MATERIALS PROVIDED
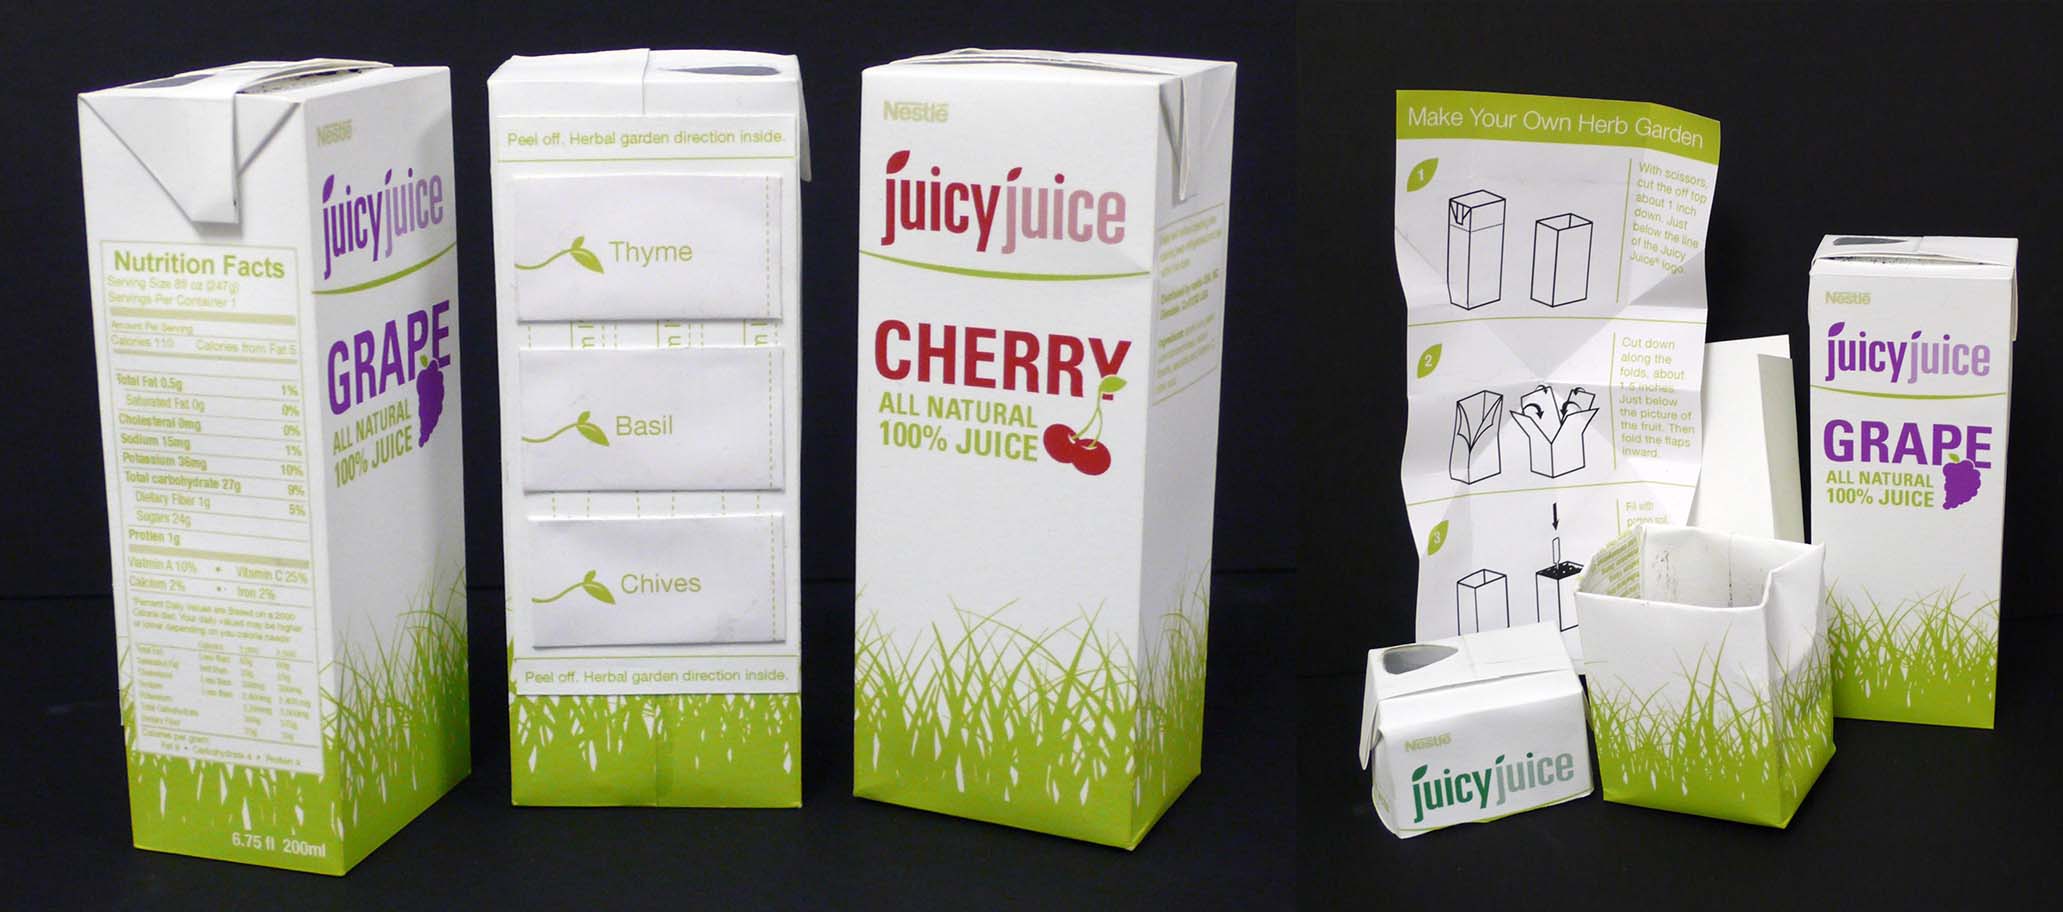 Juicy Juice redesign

---

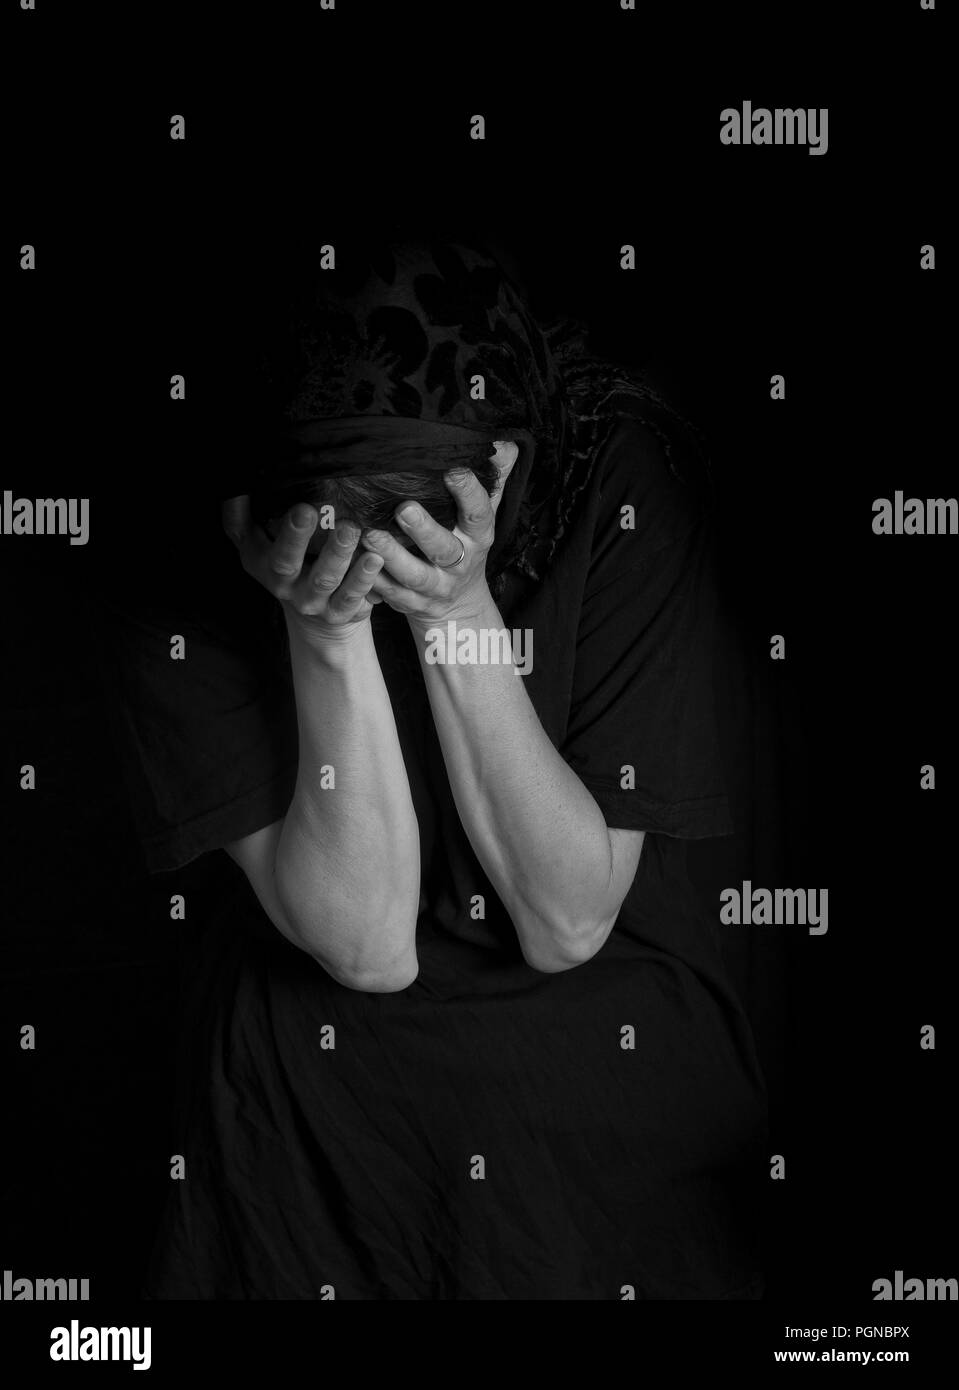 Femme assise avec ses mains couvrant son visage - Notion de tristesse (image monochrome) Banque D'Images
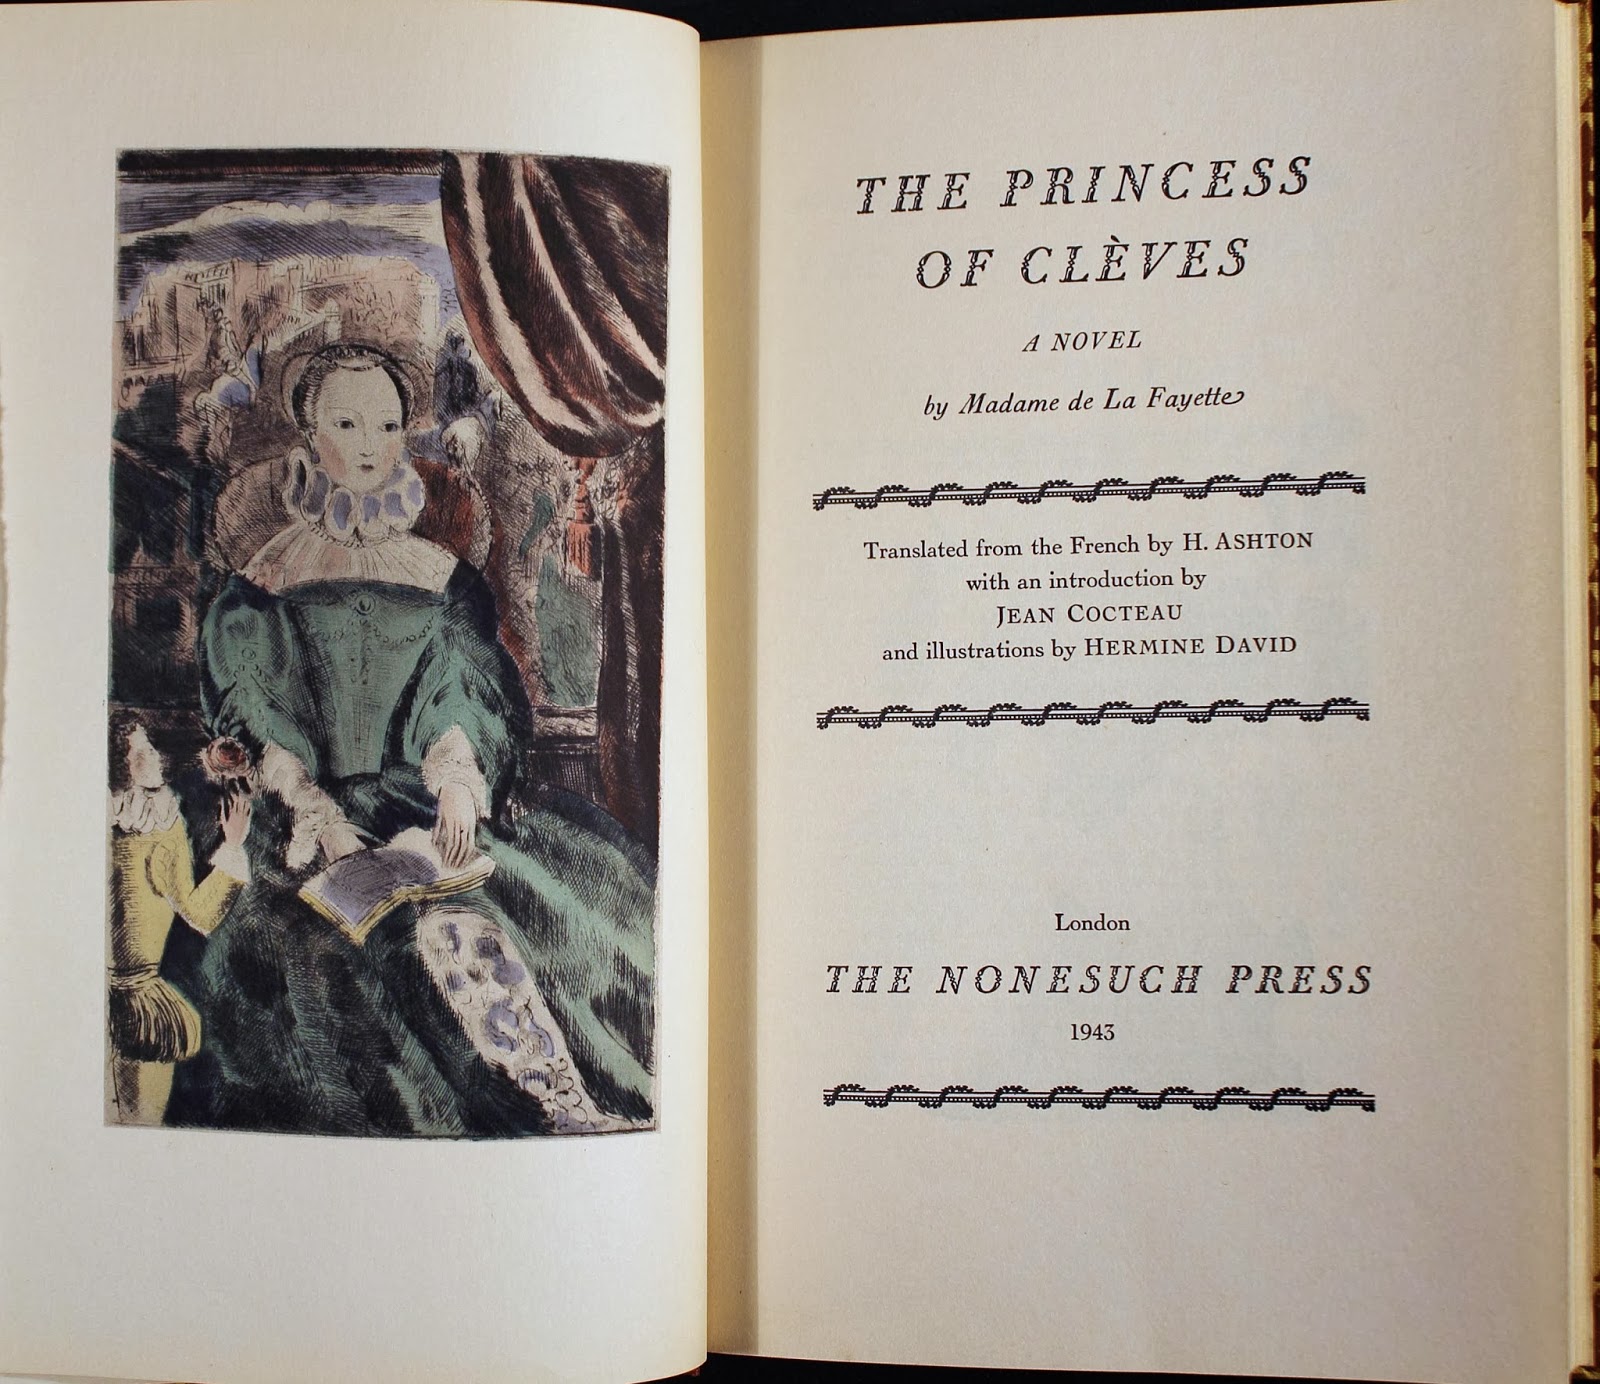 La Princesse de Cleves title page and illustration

REQUIRED WORK
Repeat exactly, and only, the entries from the line with "Femme assise avec" through the line with "La Princesse de". Pictures are skipped.

RESPONSE TO THIS TASK
 Femme assise avec ses mains couvrant son visage - Notion de tristesse (image monochrome) Banque D'Images
 La Princesse de Cleves title page and illustration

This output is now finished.